Following a recommendation of IUPAC-IUB in 1973, vitamin B_{6} is the official name for all 2-methyl,3-hydroxy,5-hydroxymethylpyridine derivatives exhibiting the biological activity of pyridoxine. Because these related compounds have the same effect, the word "pyridoxine" should not be used as a synonym for vitamin B_{6}.

==Research==
Observational studies suggested an inverse correlation between a higher intake of vitamin B_{6} and all cancers, with the strongest evidence for gastrointestinal cancers. However, evidence from a review of randomized clinical trials did not support a protective effect. The authors noted that high B_{6} intake may be an indicator of higher consumption of other dietary protective micronutrients. A review and two observational trials reporting lung cancer risk reported that serum vitamin B_{6} was lower in people with lung cancer compared to people without lung cancer, but did not incorporate any intervention or prevention trials.

According to a prospective cohort study the long-term use of vitamin B_{6} from individual supplement sources at greater than 20 mg per day, which is more than ten times the adult male RDA of 1.7 mg/day, was associated with an increased risk for lung cancer among men. Smoking further elevated this risk. However, a more recent review of this study suggested that a causal relationship between supplemental vitamin B_{6} and an increased lung cancer risk cannot be confirmed yet.

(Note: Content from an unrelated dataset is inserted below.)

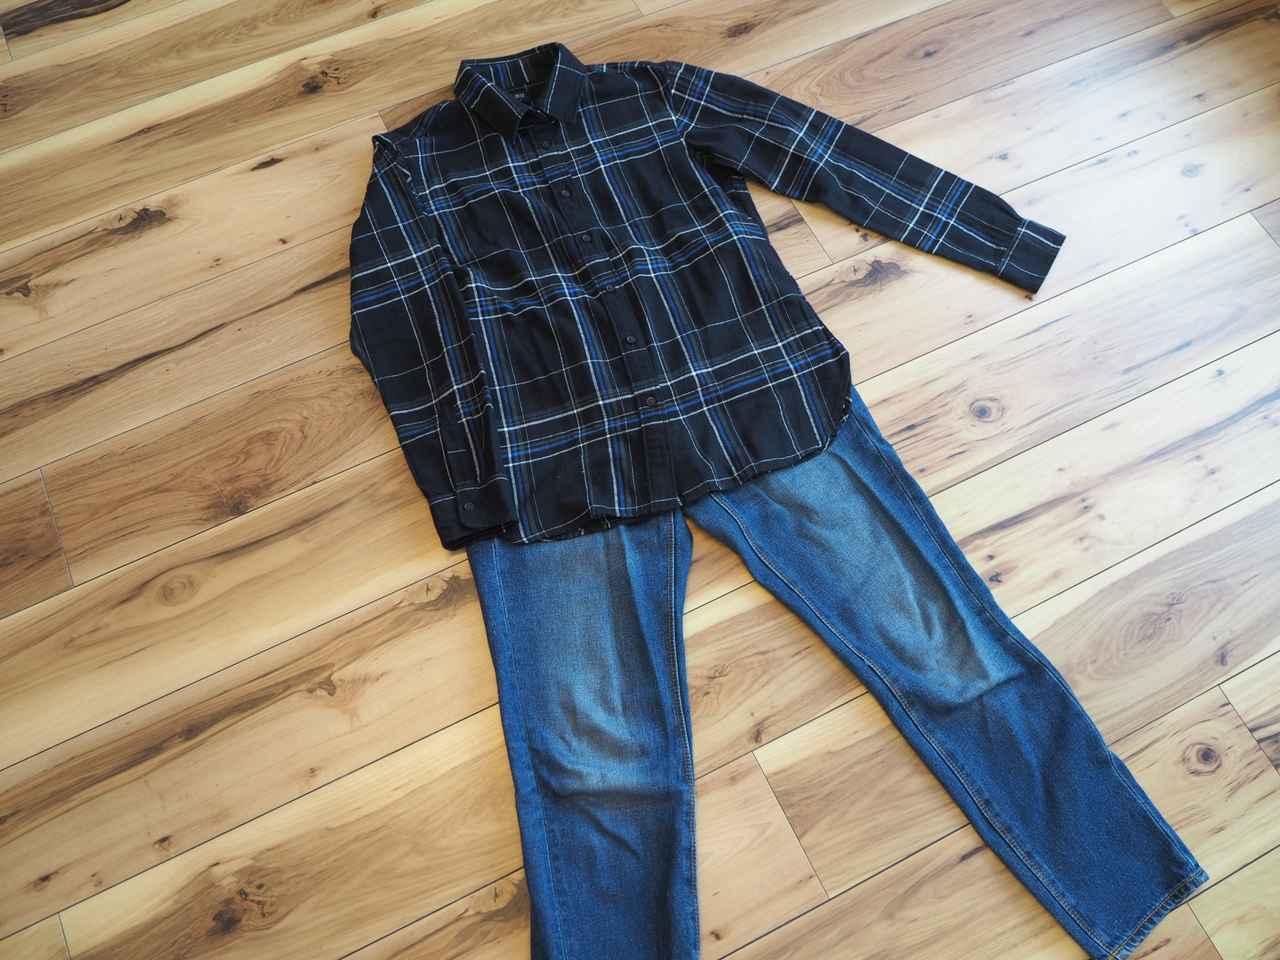 画像: フランネルチェックシャツ:ユニクロ / デニムパンツ :GU(画像:筆者撮影) ちょっと厚地素材のシャツが肌寒い時に助かります。
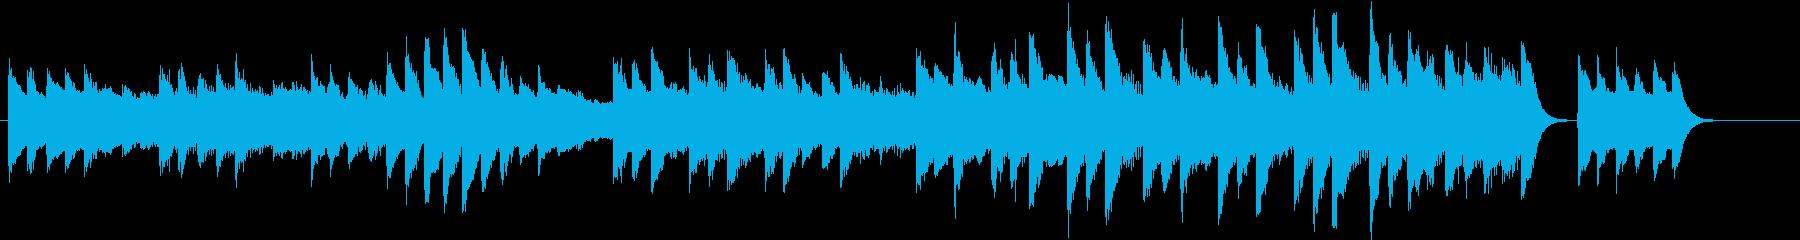 ジングルベルモチーフのピアノジングルFの再生済みの波形

For coronary heart disease, a meta-analysis reported lower relative risk for a 0.5 mg/day increment in dietary vitamin B_{6} intake. As of 2021, there were no published reviews of randomized clinical trials for coronary heart disease or cardiovascular disease. In reviews of observational and intervention trials, neither higher vitamin B_{6} concentrations nor treatment showed any significant benefit on cognition and dementia risk. Low dietary vitamin B_{6} correlated with a higher risk of depression in women but not in men. When treatment trials were reviewed, no meaningful treatment effect for depression was reported, but a subset of trials in pre-menopausal women suggested a benefit, with a recommendation that more research was needed. The results of several trials with children diagnosed as having autism spectrum disorder (ASD) treated with high dose vitamin B_{6} and magnesium did not result in treatment effect on the severity of symptoms of ASD.